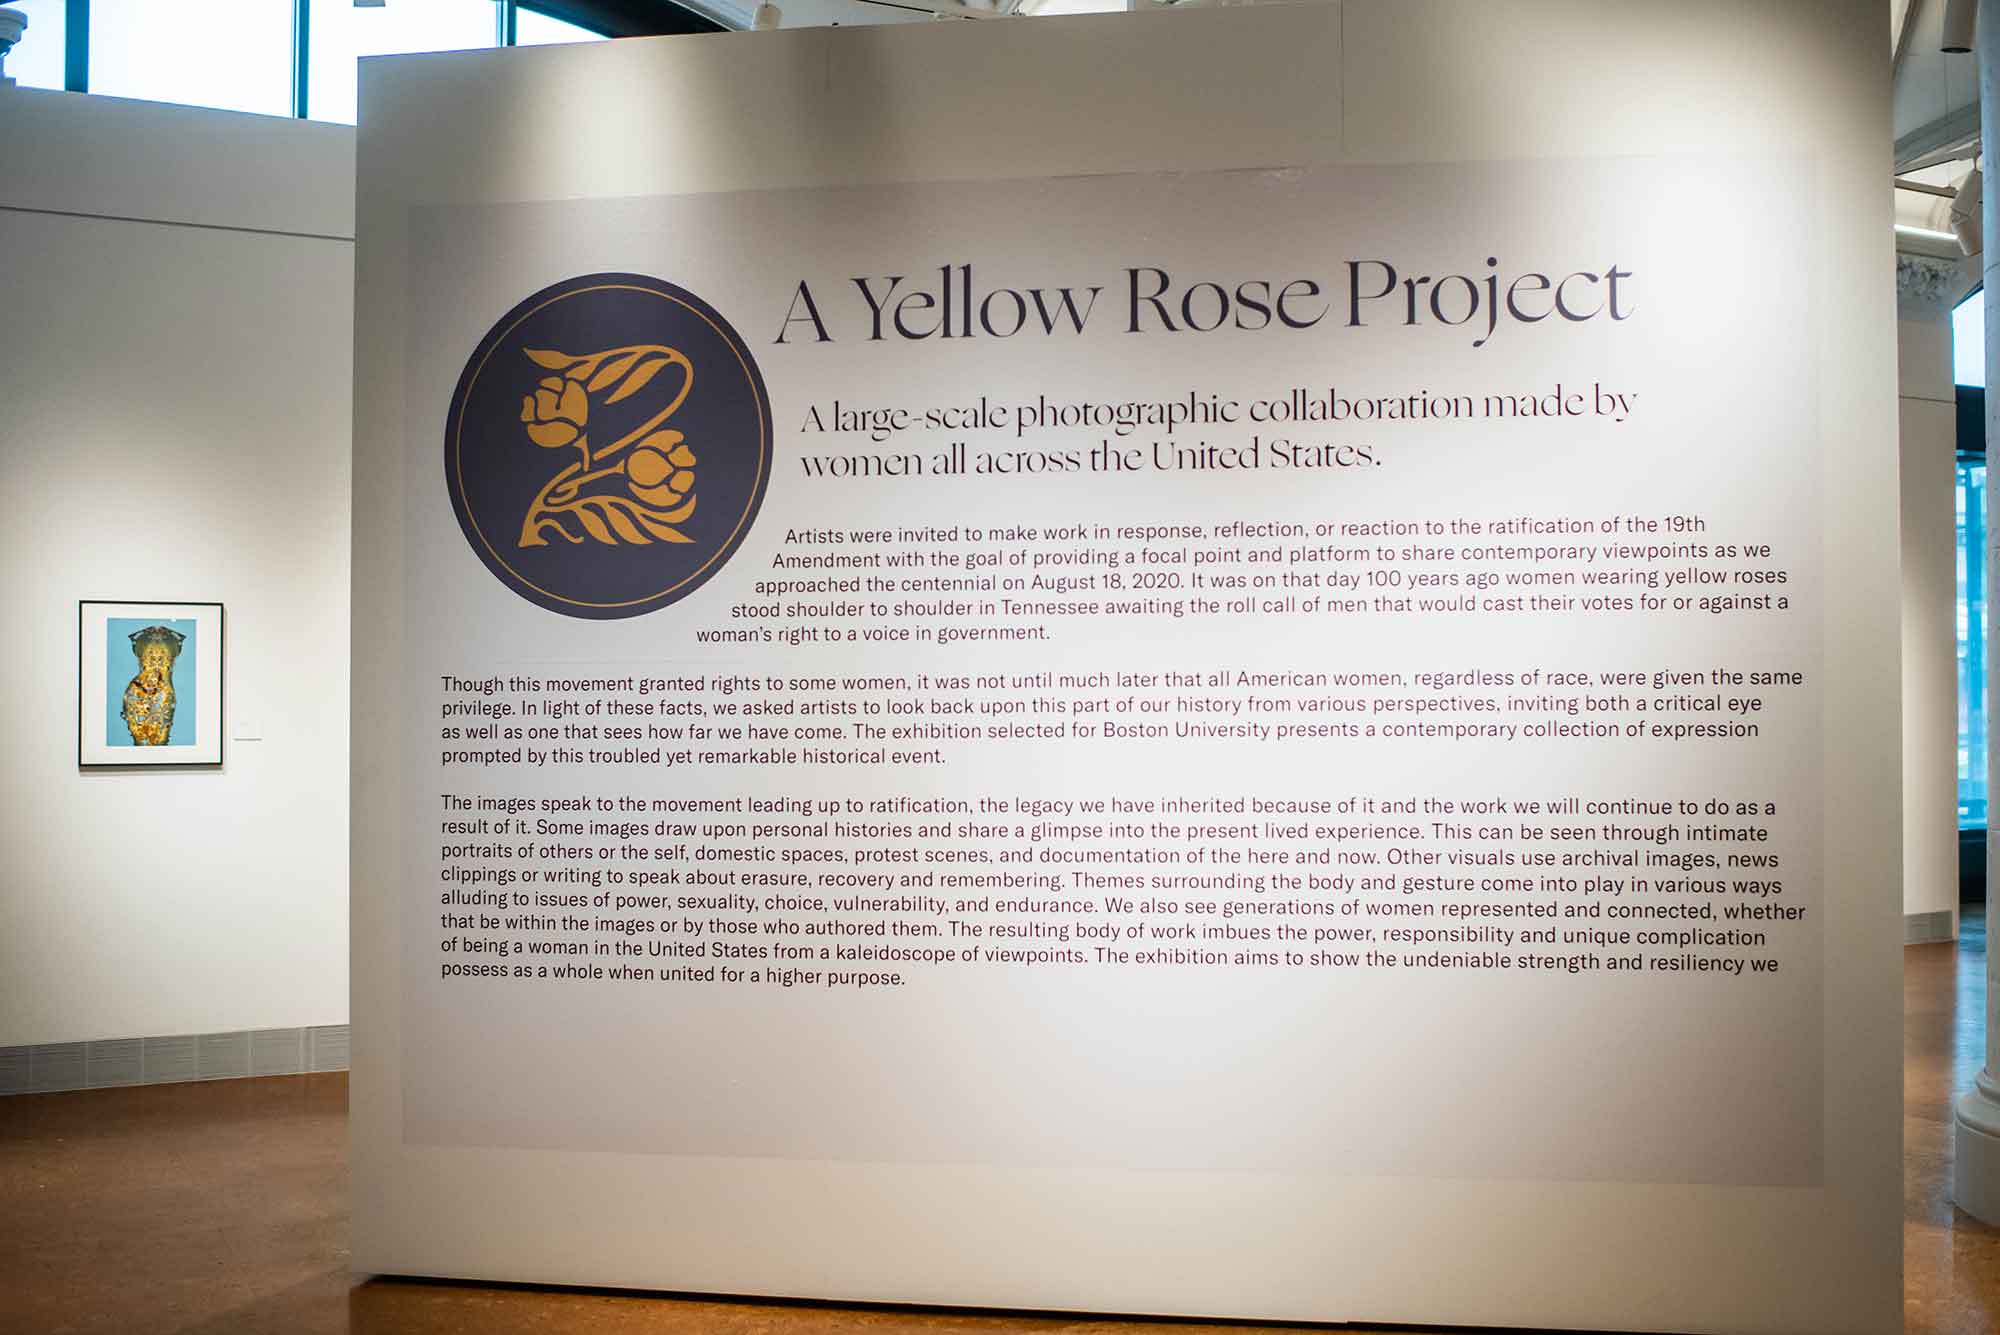 Entrance to A Yellow Rose Project exhibit at Boston University's Stone Gallery where a wall displays the curatorial statement for the exhibit.
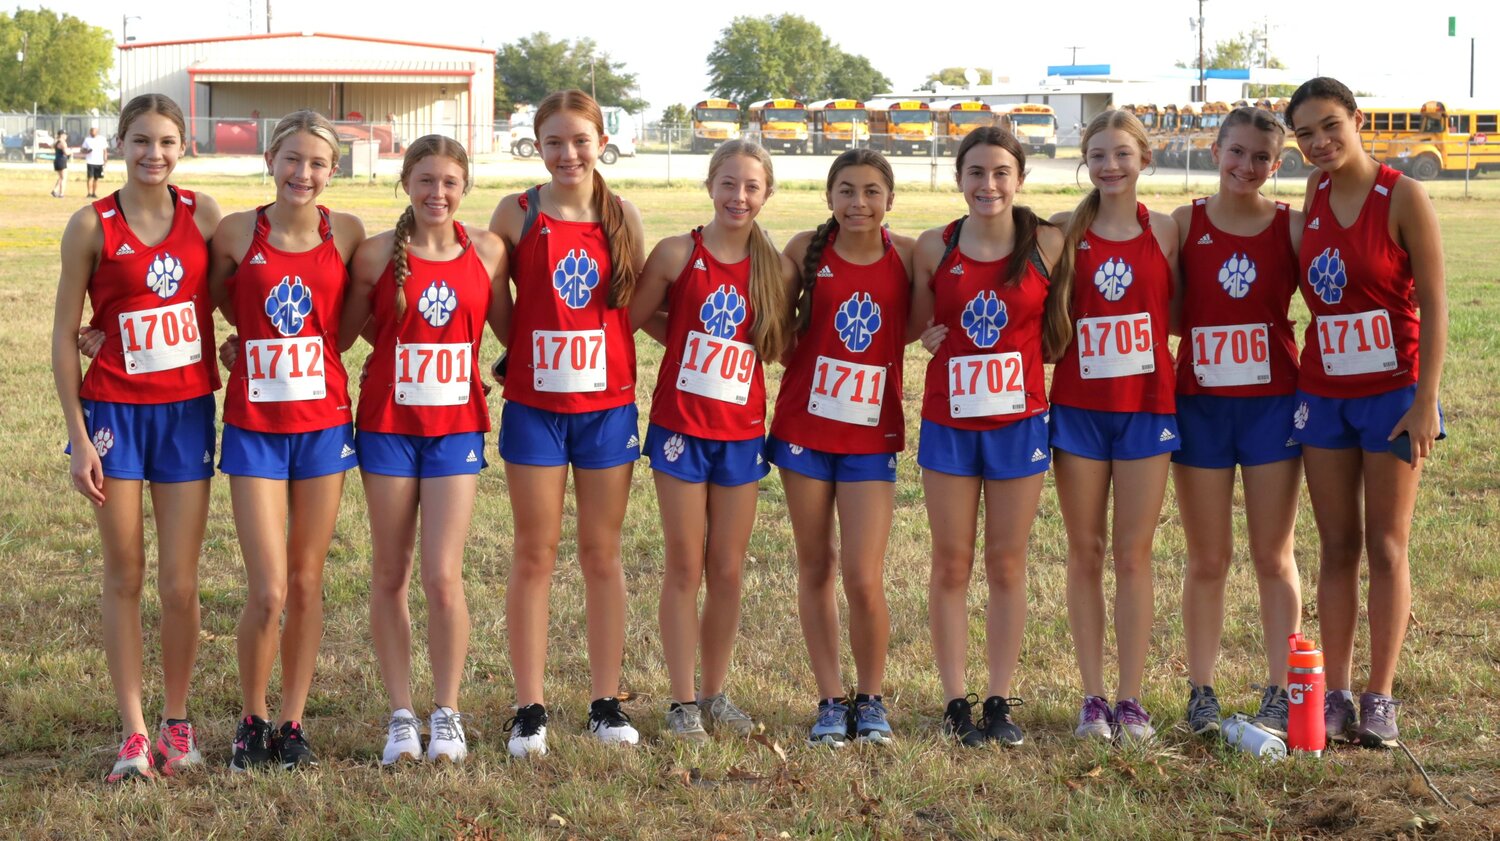 Alba-Golden eighth-grade cross country team of, from left, Briana Ringgold, Averi Stevenson, Callie Campbell, Sophia Richardson, Sadie Wright, Jayla Sitar, Peyton Clark, Maddie Moore, Tayla Peterson and Harlow Sauceman won the middle school competition at Lone Oak.
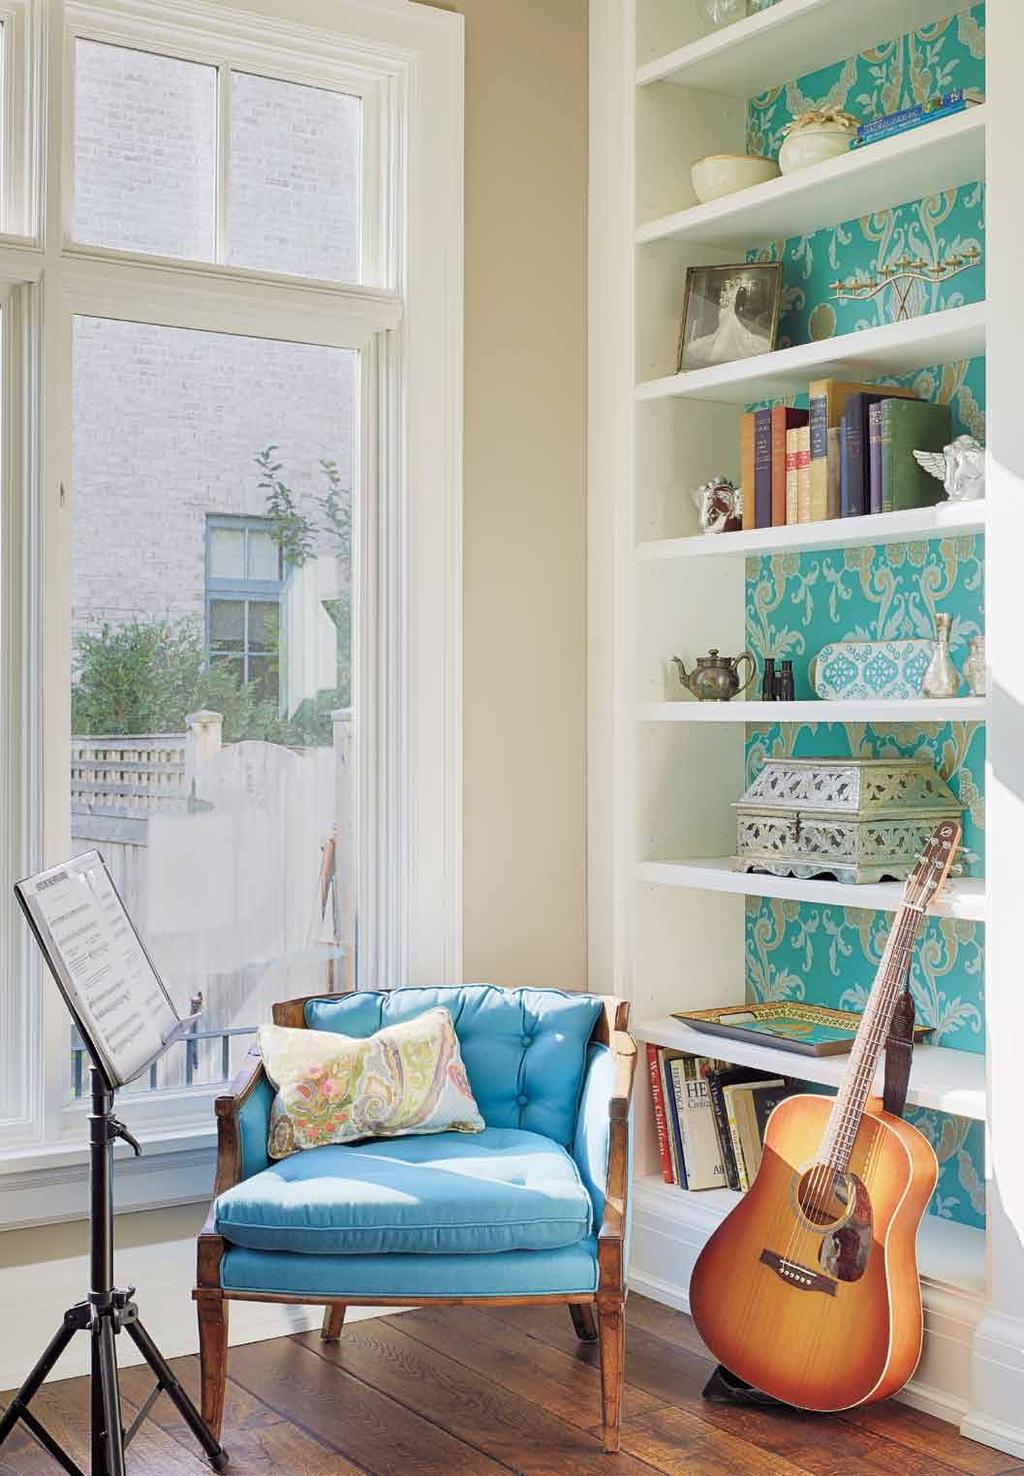 Opposite: For the music room, an antique chair was reupholstered in a vibrant Perennials
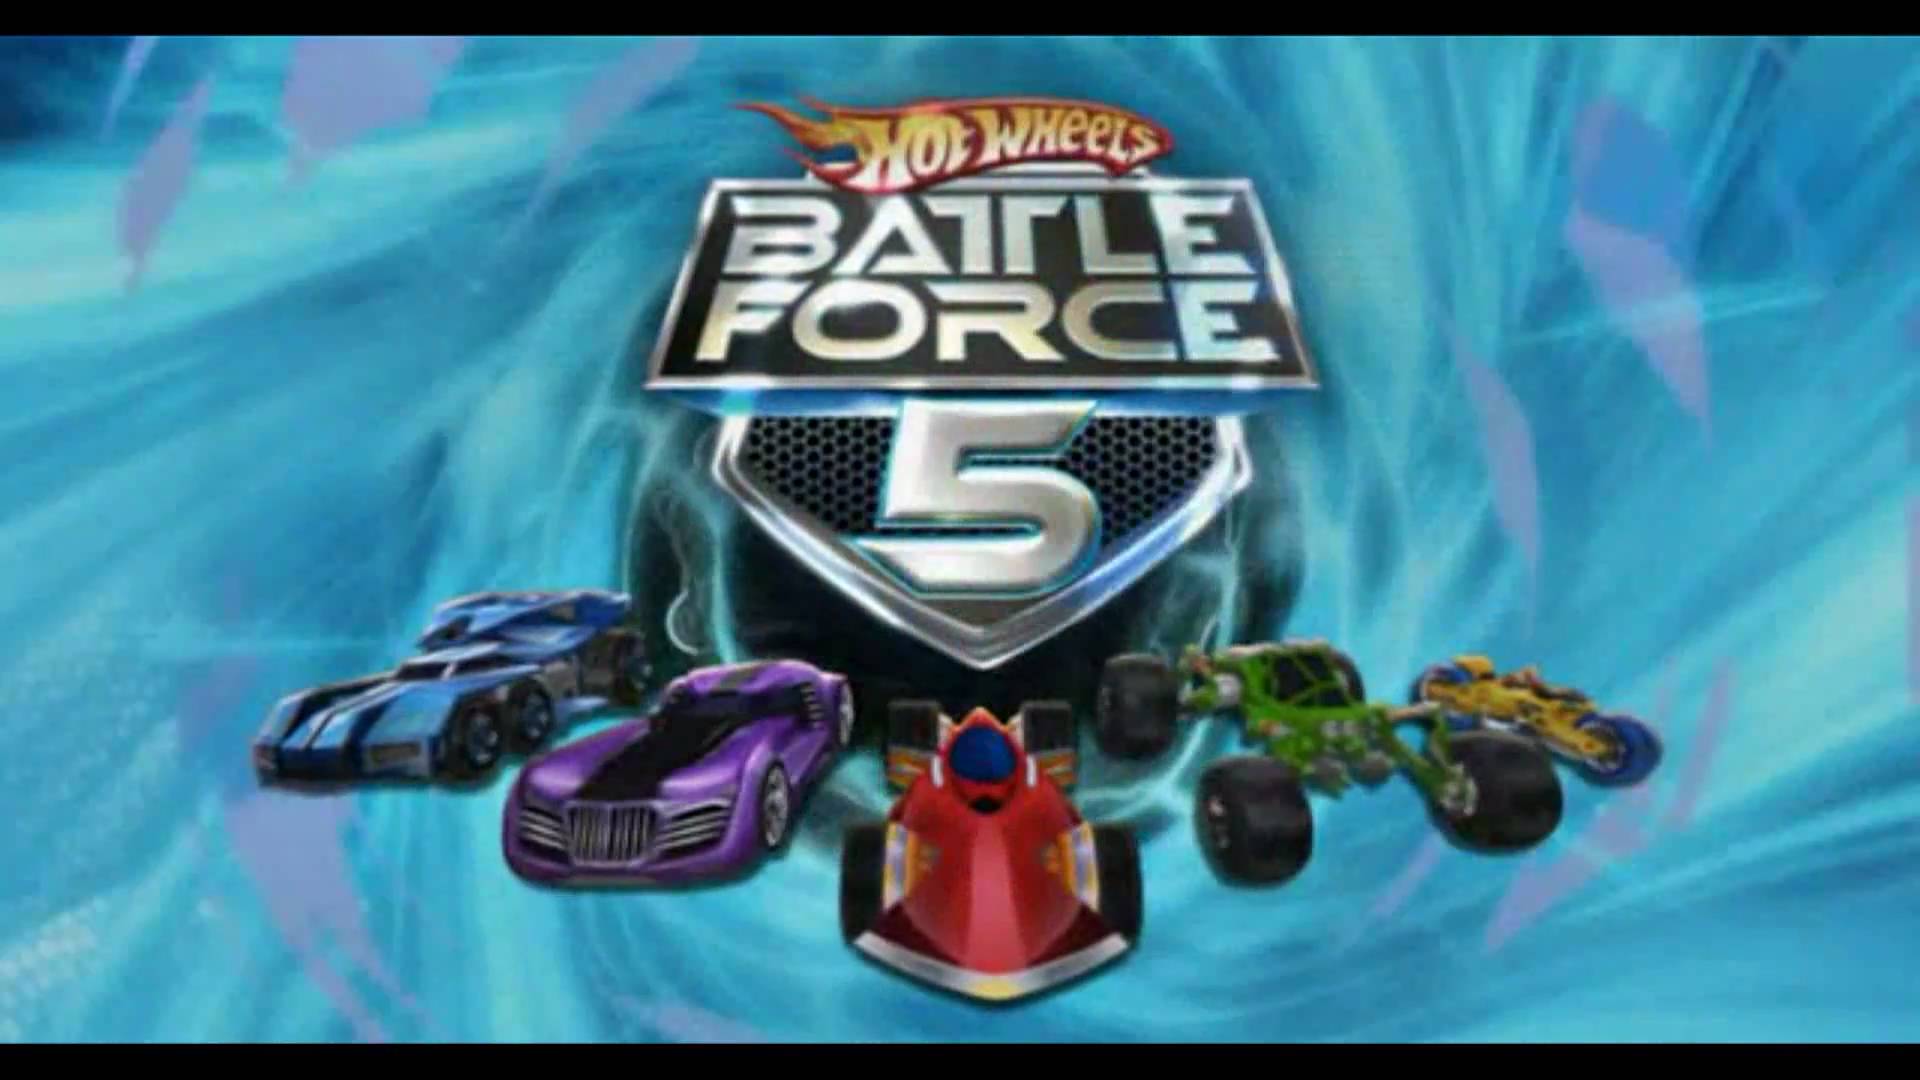 the battle force 5
·····
### WHAT IS BEING ASKED:
Send back the listing exactly as it stands. Do not include the pictures.

### ANSWER TO THE EXERCISE:
 Entrance to A Yellow Rose Project exhibit at Boston University's Stone Gallery where a wall displays the curatorial statement for the exhibit.
 Alba-Golden eighth-grade cross country team of, from left, Briana Ringgold, Averi Stevenson, Callie Campbell, Sophia Richardson, Sadie Wright, Jayla Sitar, Peyton Clark, Maddie Moore, Tayla Peterson and Harlow Sauceman won the middle school competition at Lone Oak.
 Opposite: For the music room, an antique chair was reupholstered in a vibrant Perennials
 the battle force 5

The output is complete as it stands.